The present invention relates to a filling device adapted for wetting and/or filling a component provided with an undercut, as well as to a method of filling and/or backfilling the component with a flowable filler.

More particularly, the present invention relates to a filling device which is adapted for filling, backfilling or wetting a component provided with an undercut, where the angle of application and, therefore, the flowing direction of the filler can be adjusted by way of a deflecting unit. The present invention further relates to a method of filling and backfilling a component having an undercut with a flowable filler, where the filling of the area having the undercut takes place by way of a deflecting unit which is adjustable with respect to the angle of application. The invention can naturally also be used on components which have a different (not undercut) geometry.

In the prior art, different fields of application of filling devices are known which guide a flowable filler into a component or receptacle. Various industries use a variety of methods for filling their products and goods with PUR foam or the like. For example, to mention just a few application examples, the filling with a flowable filler is used in the packaging industry in order to fill boxes, cardboard boxes, vessels, cans, tubes and packages.
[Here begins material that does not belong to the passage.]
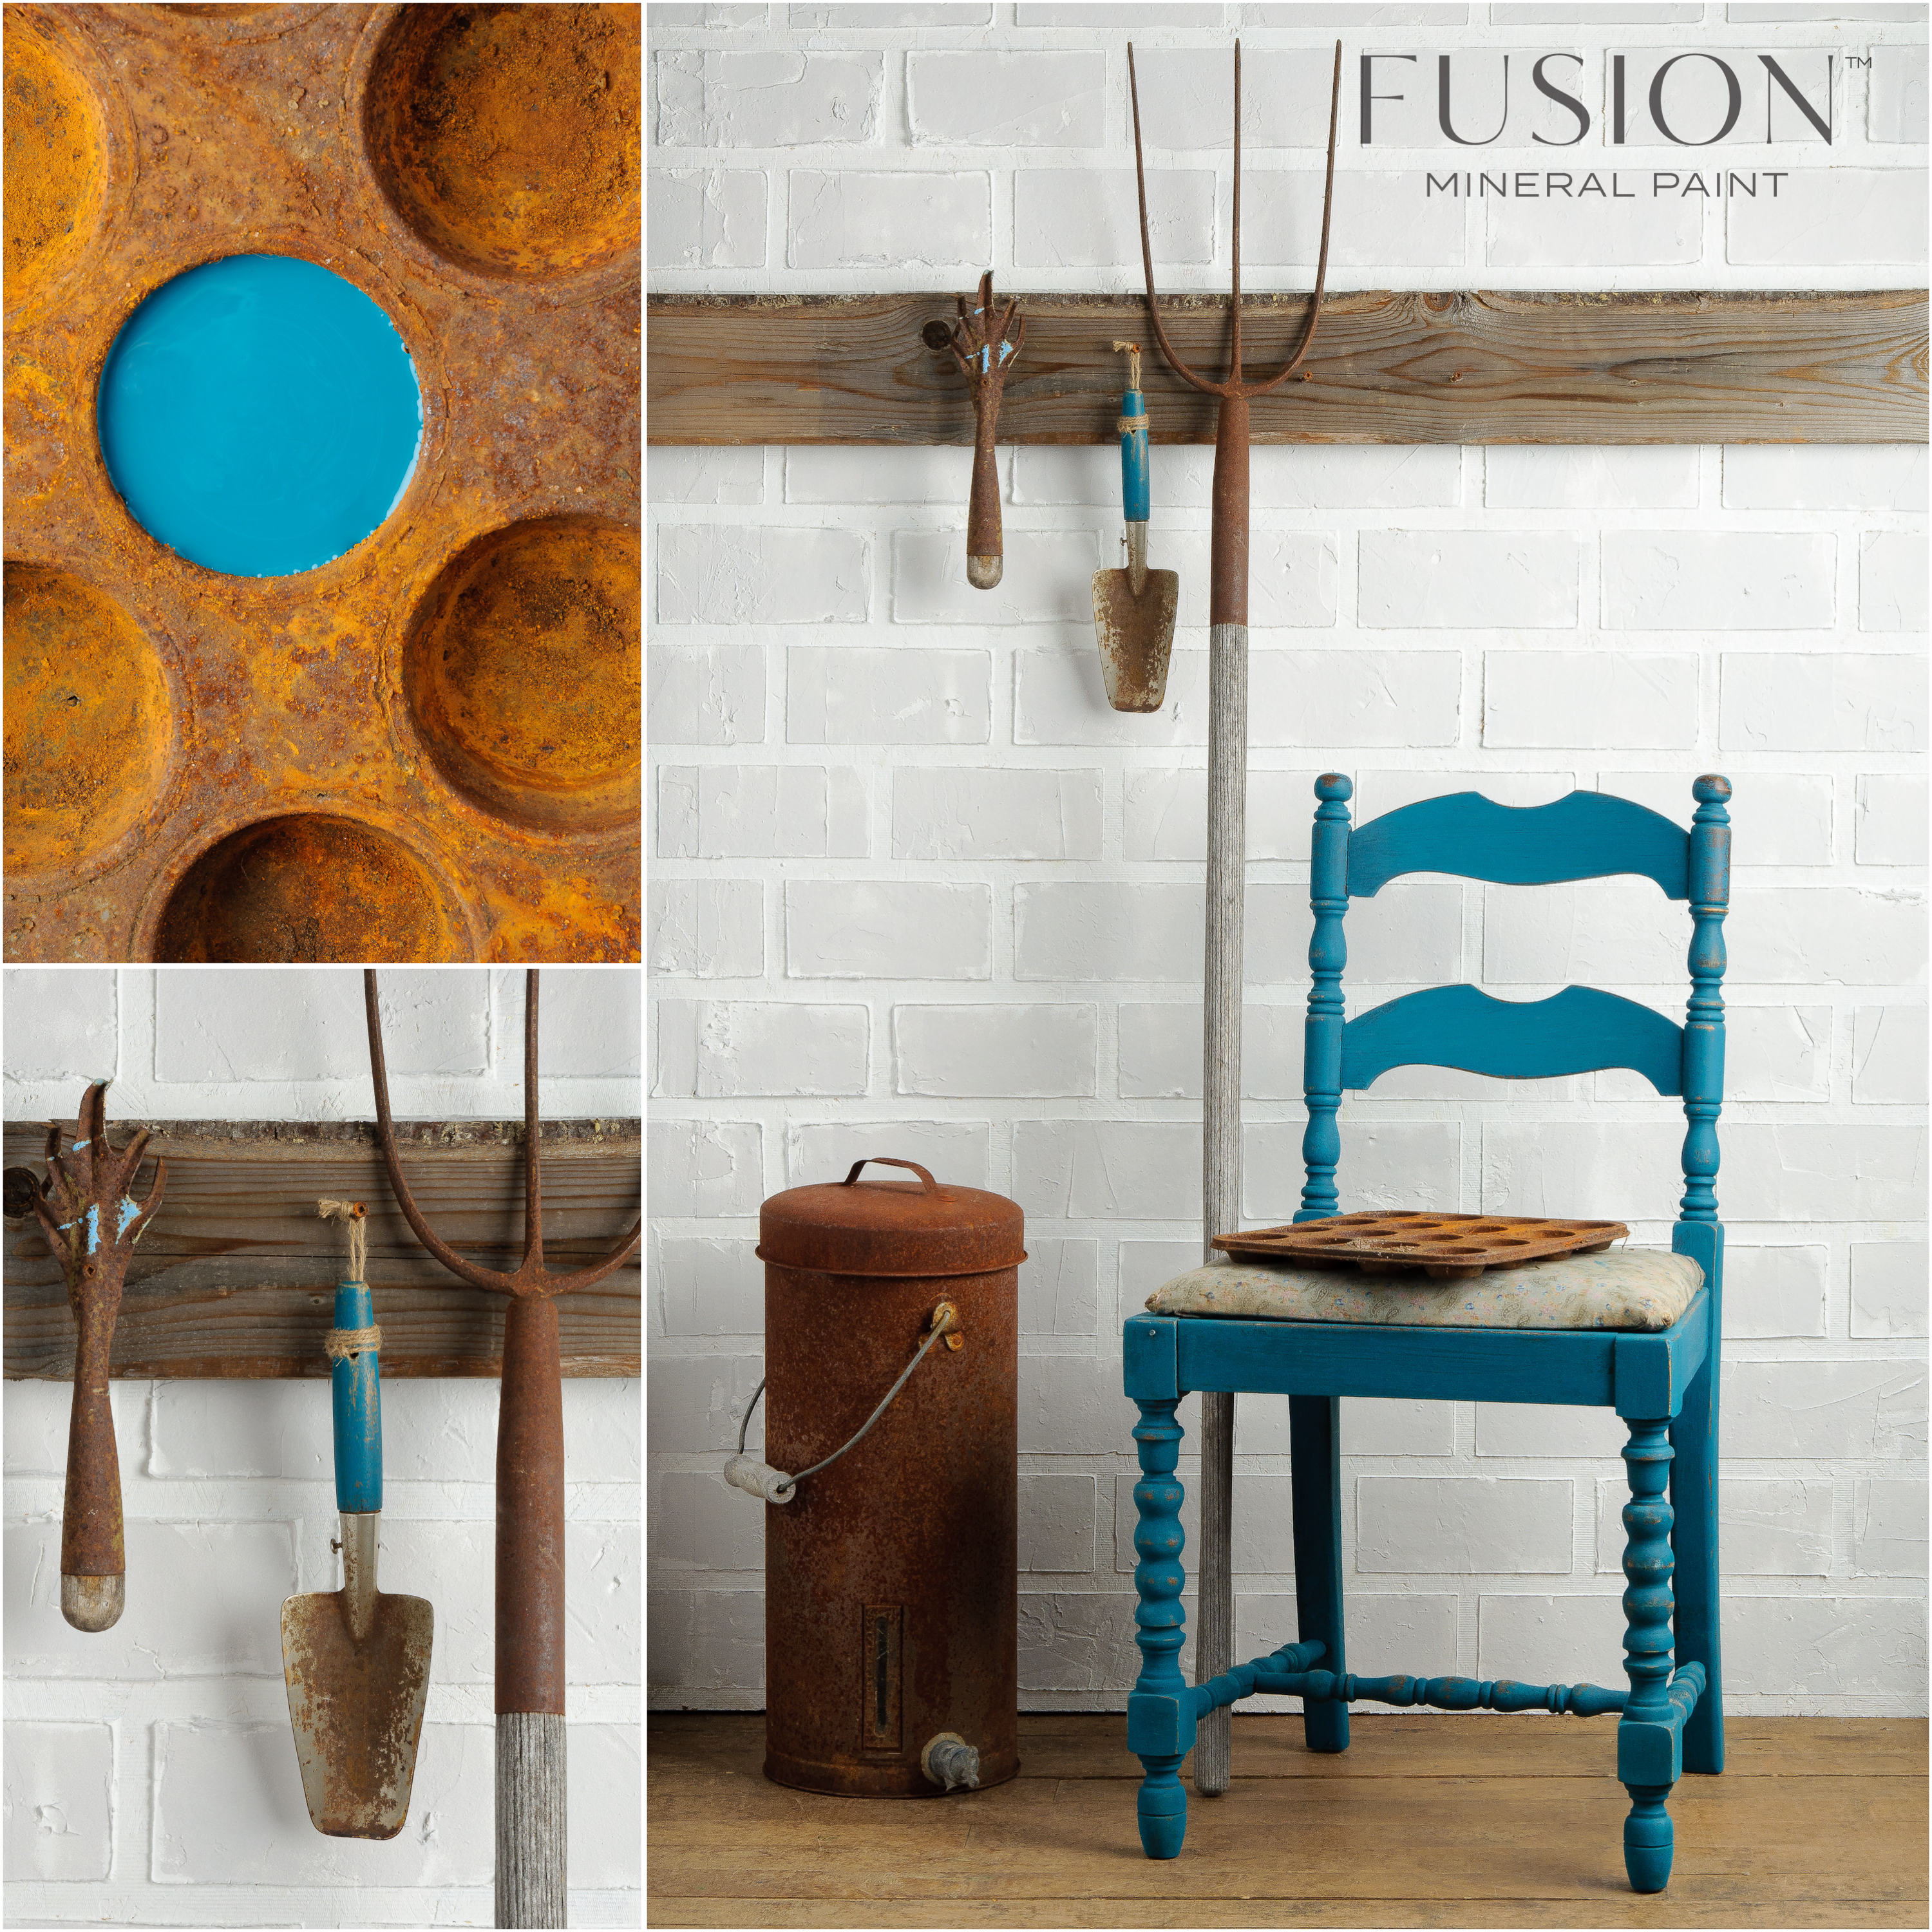 Renfrew Blue Fusion Mineral Paint Goed Gestyled Brielle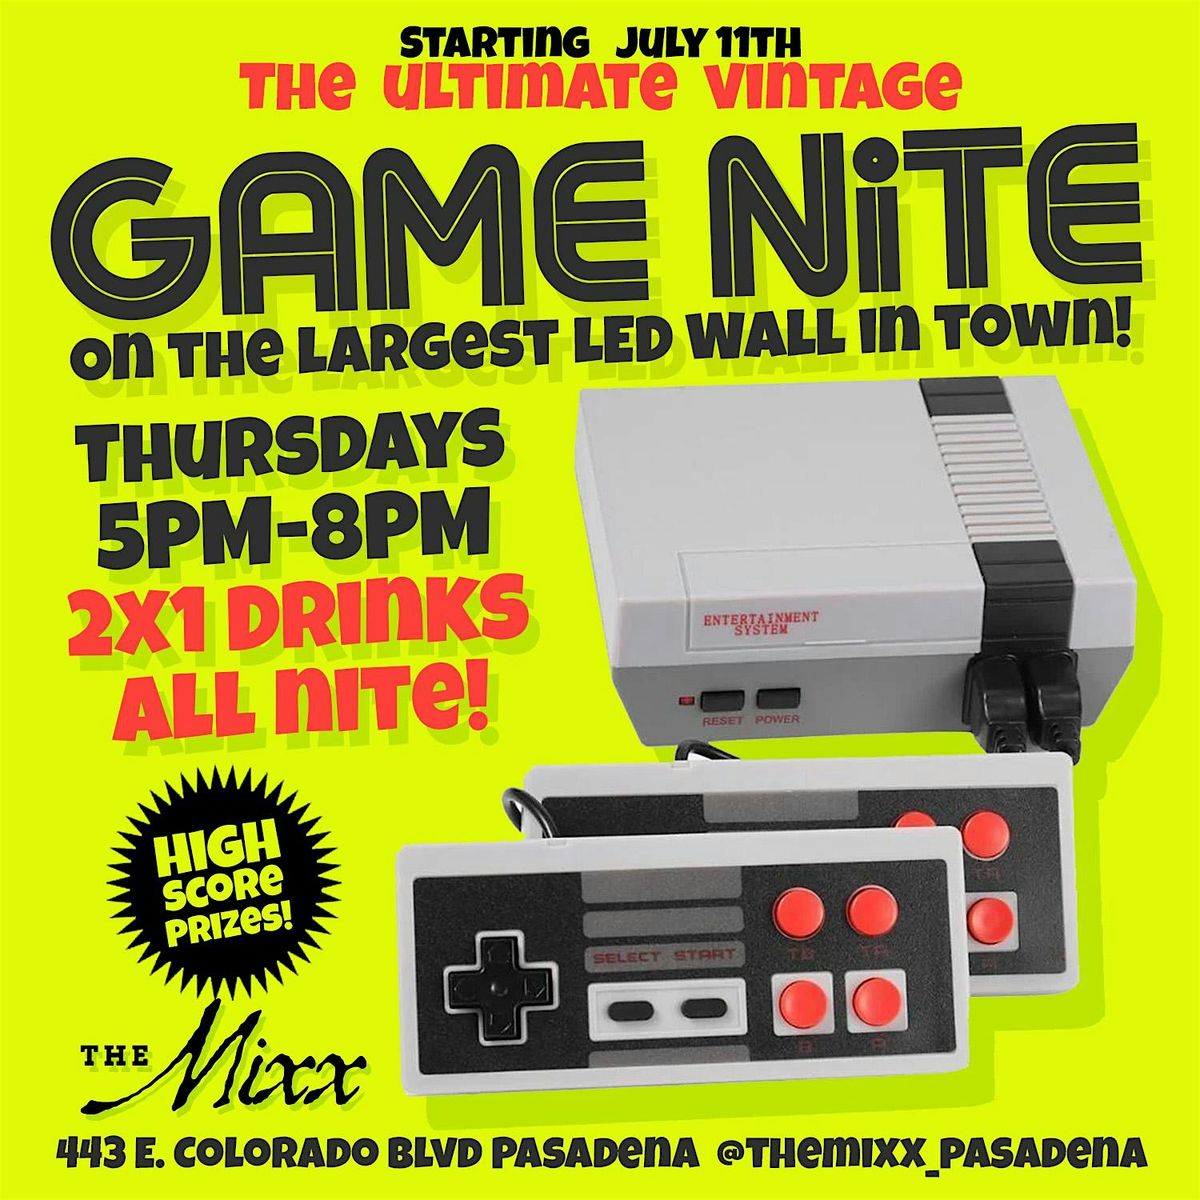 THE ULTIMATE VINTAGE GAME NITE & Happy Hours

Another typical use for a filling device is found in the automotive industry such as for interior component parts in an automobile. Many of the products are shaped, for example, by means of a deep-drawing process and are additionally filled or backfilled with a PUR foam or a filler. For reasons of stability and assembly, diverse basic shapes require a foaming process in which the cavities are completely filled, for example, by use of a polyurethane foam.

Particular problems arise when viscous material is used as the filler. When a viscous or generally flowable filler is metered into a component, air may, for example, be enclosed in cavities, which results either in an insufficient filling of the component or simply in a rejecting of the merchandise. For example, when voids or cavities are produced in undercuts, which were insufficiently filled with filler, the component to be filled, for example, an instrument panel, will not be provided with the required stability or the latter may collapse or be dented at the concerned location.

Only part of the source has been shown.